On October 3, in about a week and a half, life will change for close to one million Israelis, 900,000 to be exact, who, according to the Health ministry, are eligible to receive the third dose of the Corona vaccine, but have not yet rolled up their sleeves at their local dispensary. So, on October 3, the government is revoking the Green Tag privileges of anyone who received their second dose more than six months ago and has not yet received the third. It’s like that second shot never happened.
To be precise: as of Thursday, 3,128,158 have received the third dose. They’re good to go for, who knows, maybe until Pesach. But for the 6,077,087 who took the first dose, and the 5,599,982 who did the second, but didn’t do the third will be demoted to the rank of unvaccinated, forbidden to partake of the lovely cultural and gastronomic delights of the land.

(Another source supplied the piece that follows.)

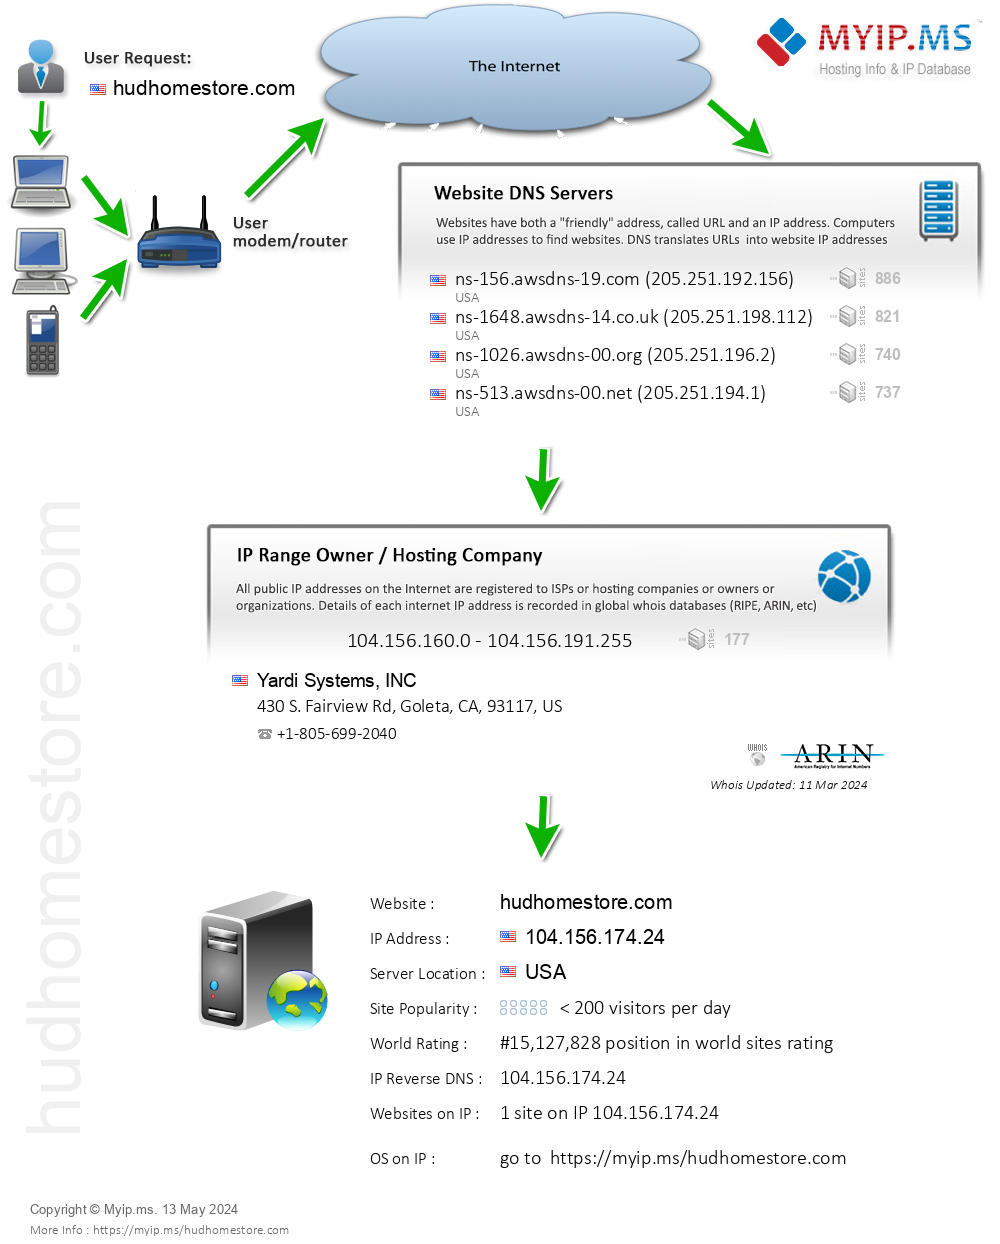 Hudhomestore.com - Website Hosting Visual IP Diagram
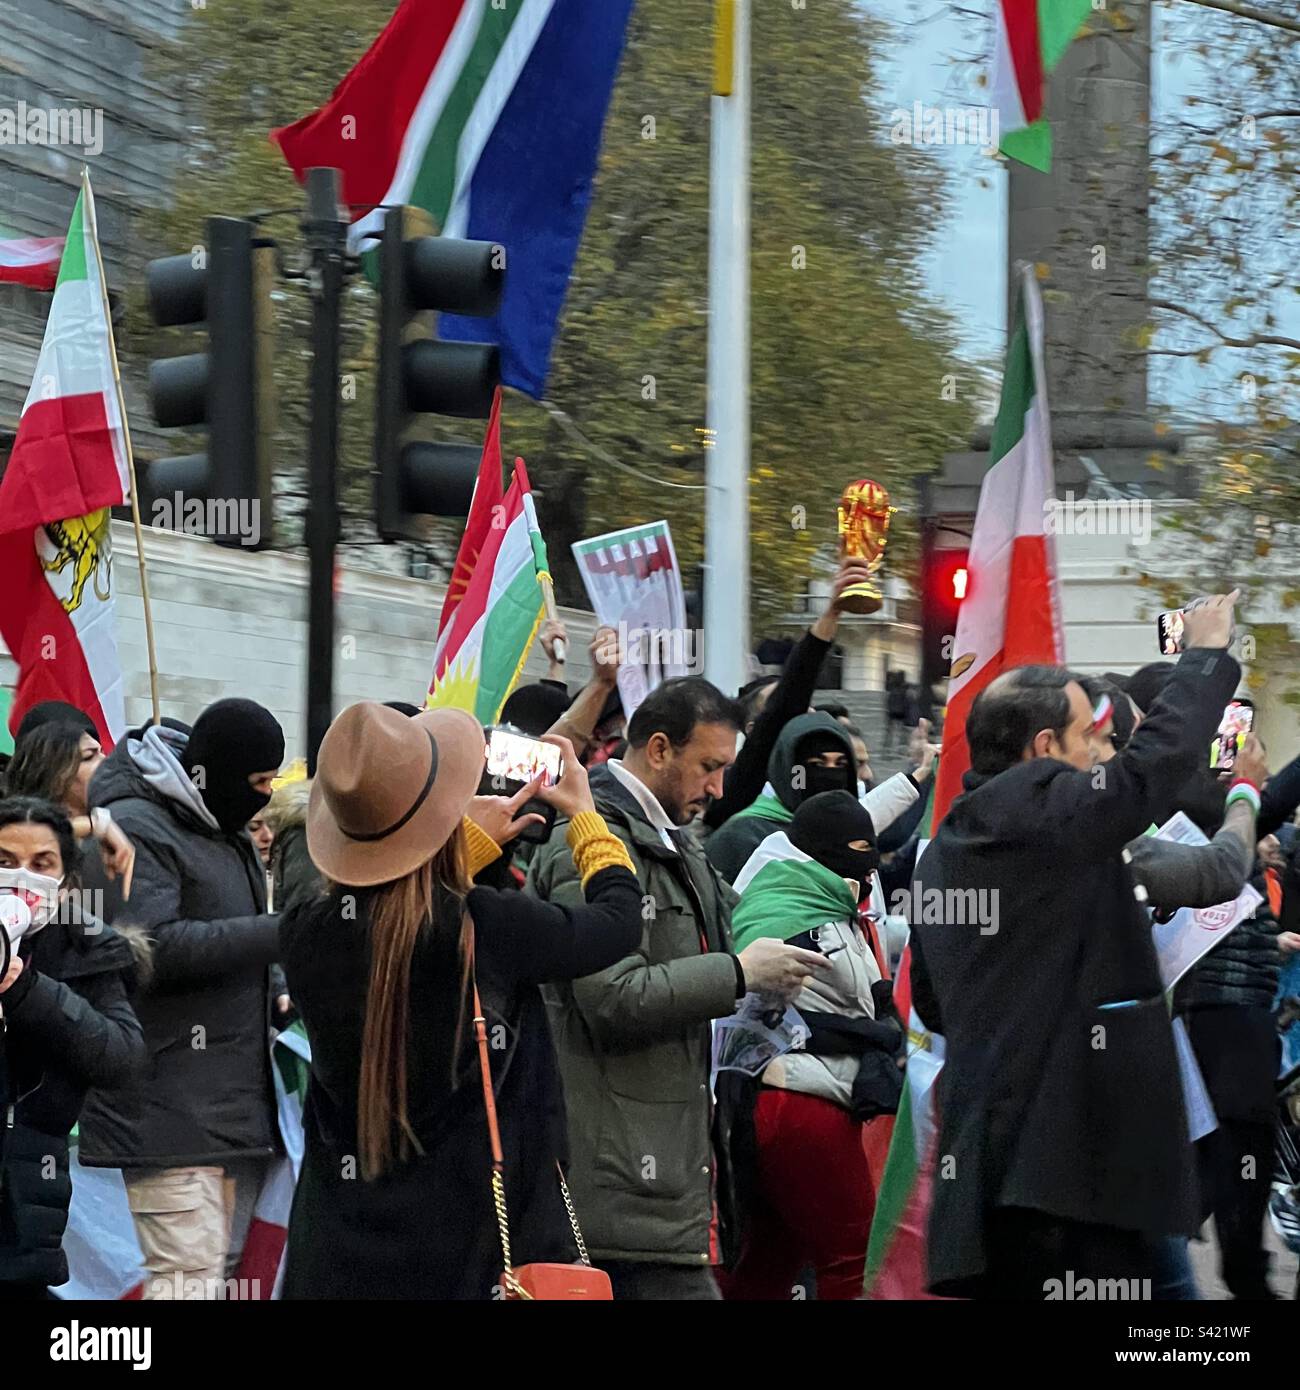 Femmes. La vie. Liberté - manifestation en faveur des droits des femmes en Iran - Londres, 26 novembre 2022 Banque D'Images

For anyone who is eligible to receive the third dose but has not yet done so, and wants to keep his or her green tag, better hurry. Even though the expiration date for the green tag will only come in about 10 days, there’s only a four-day window of opportunity until October 3, seeing as there’s a week’s lag between receiving the third dose and getting the Green Tag.
Obviously, when the status of more than 10% of the adults in the country changes so radically, it will affect everyone else. How will businesses deal with the sudden hassle of 900,000 consumers being required to show a negative test to browse their shelves? Speaking of which, how would the labs in Israel, already collapsing under the pressure of daily testing, respond to a million additional tests every couple of days? And what about the schools? Many teachers who have received the second dose have not yet received the booster shot – how would the system manage their new status? Remember, substitute teachers are a rare commodity in Israel these days (if you’re making aliyah – that’s your specialty).
Then there’s the scandal that was generated by Health Minister Nitzan Horowitz, who was secretly recorded saying that the whole Green Tag shebang was intended more as a way of putting pressure on anti-vaxers and wasn’t so soundly based on an epidemiological reason.
Yes, government ministers should not muse, especially not vocally, especially when there are other humans nearby.
The owners of restaurants, swimming pools, and gyms were furious and demanded that the Health Ministry cancel the plan to revoke the Green Tag at once (it didn’t). “We’ve been turned into Pfizer sales promoters,” one business owner said.
On Thursday, Israel’s Education Ministry sent a message to school principals that come Sunday, October 3, teaching staff will not be able to enter the educational institutions without a Green Tag or a negative corona test, and the latter would only be good for two or three days (Health Ministry to Teachers: No Vaccine No Green).
“An absence will be considered unjustified and would not qualify for receipt of wages,” read the document that was sent to school principals.
And now the numbers: there are 65,396 active Corona patients in Israel as of Friday morning, with 710 are hospitalized, out of whom 272 are critical, 207 on ventilators, 127 in medium condition, and 187 light. 7,611 have died in Israel since the start of the pandemic in February 2020.